John Kamins is known for his work with clients in diverse, high-level business, finance, securities, entertainment and governance matters. He joined Foster Swift in 2009 with a well-established practice in public finance, corporate and securities, non-profit corporate law and entertainment law.
His bond financing clients have included state and local governments, underwriters, trustees and conduit borrowers. He has served as corporate counsel to publicly traded and privately held companies and 501(c)(3) entities for financings, securities offerings, private placements, SEC reporting, mergers and acquisitions, joint ventures, and governance issues. All these factors is what makes John a highly sought out finance lawyer and bond attorney in Detroit.
John's entertainment clients have included talent, companies and investors in the movie and music industries.
He is a frequent speaker to legal and industry groups and associations.
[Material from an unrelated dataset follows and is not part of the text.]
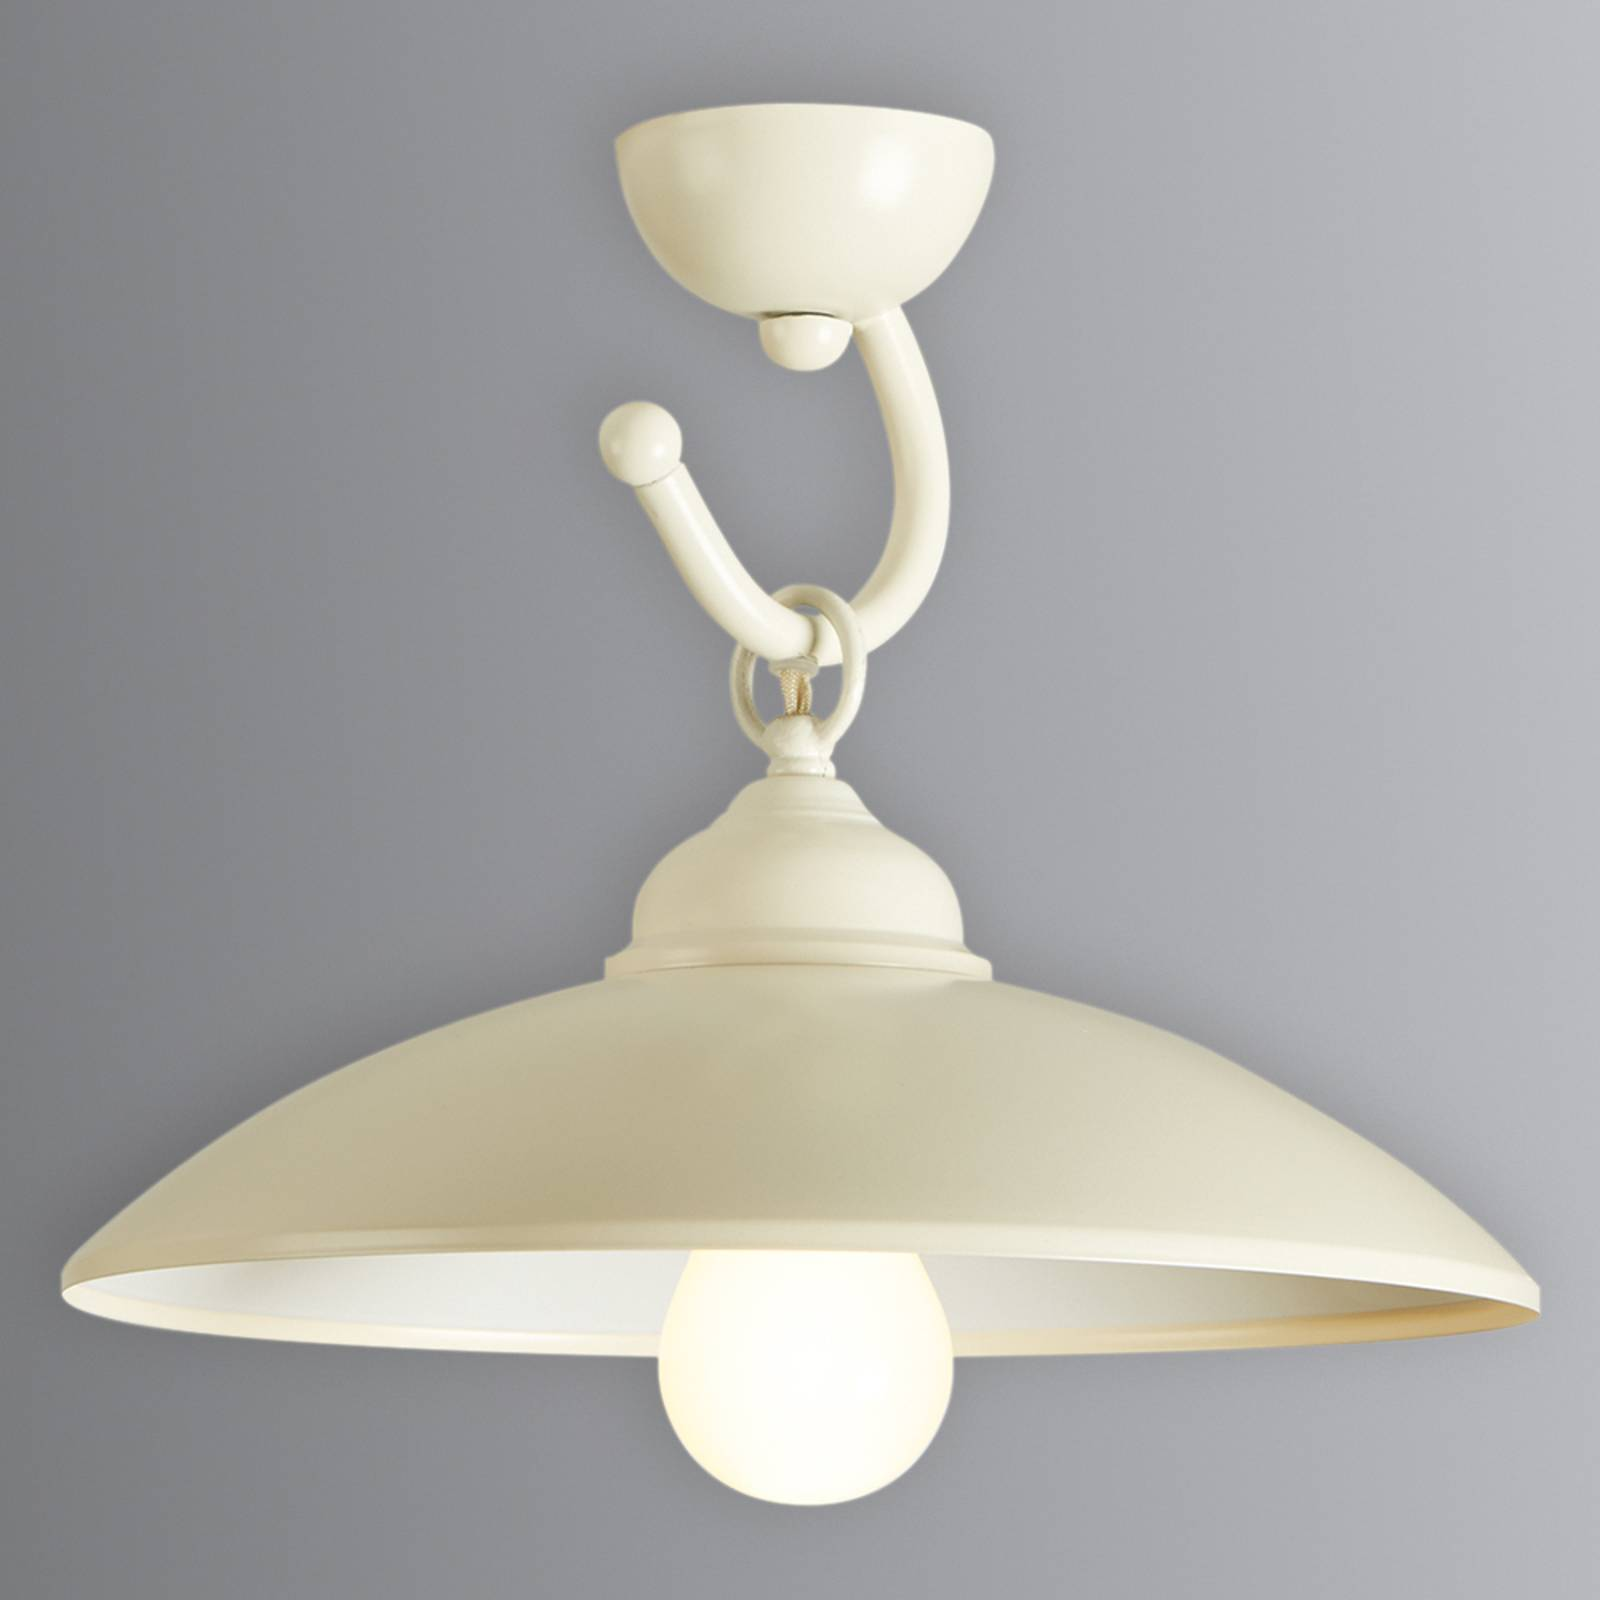 Rustieke plafondlamp Baja ivoor

His most recent topics include financing charitable and educational facilities, municipal borrowing in a down economy and making movies in Michigan.
John has also been a leader for years in charitable organizations, both nationally and in Greater Detroit. These include The Leukemia & Lymphoma Society and Goodwill Industries as well as active involvement in the Michigan and Florida bar associations.
Court Admissions — U.S. Federal Circuit Court of Appeals, Washington, D.C.
— Representative Matters
- John assisted a VEBA trust for a large county's retiree medical benefits in 2007. He devised and helped to implement an unprecedented securities transaction for funding over $500 million of unfunded accrued actuarial OBEB liabilities.
- A publicly traded electric utility corporation wanted to finance stranded costs in connection with its state's deregulation of electricity. John helped it to accomplish a complex $1.75 billion securitization bond offering in 2001.
- In February 2010, John advised the board of directors and management of a charitable non-profit on their duties and actions to address and resolve an urgent and confidential matter. He regularly provides counsel of this kind for crisis control and communications.
- A large, multi-state, multi-hospital health care corporation wanted to enter a new non-mortgage master indenture to coexist with an outstanding mortgage master indenture for more than $1 billion of tax-exempt bond debt until a future triggering event. The company relied on John, who in a period of 42 consecutive hours drafted contractual and disclosure language for the first bond offering under both indentures.
- John successfully briefed and presented oral argument before the United States Court of Appeals for the Federal Circuit, upholding a small new company's federal trademark registration over the opposition of one of the world's largest breakfast cereal companies.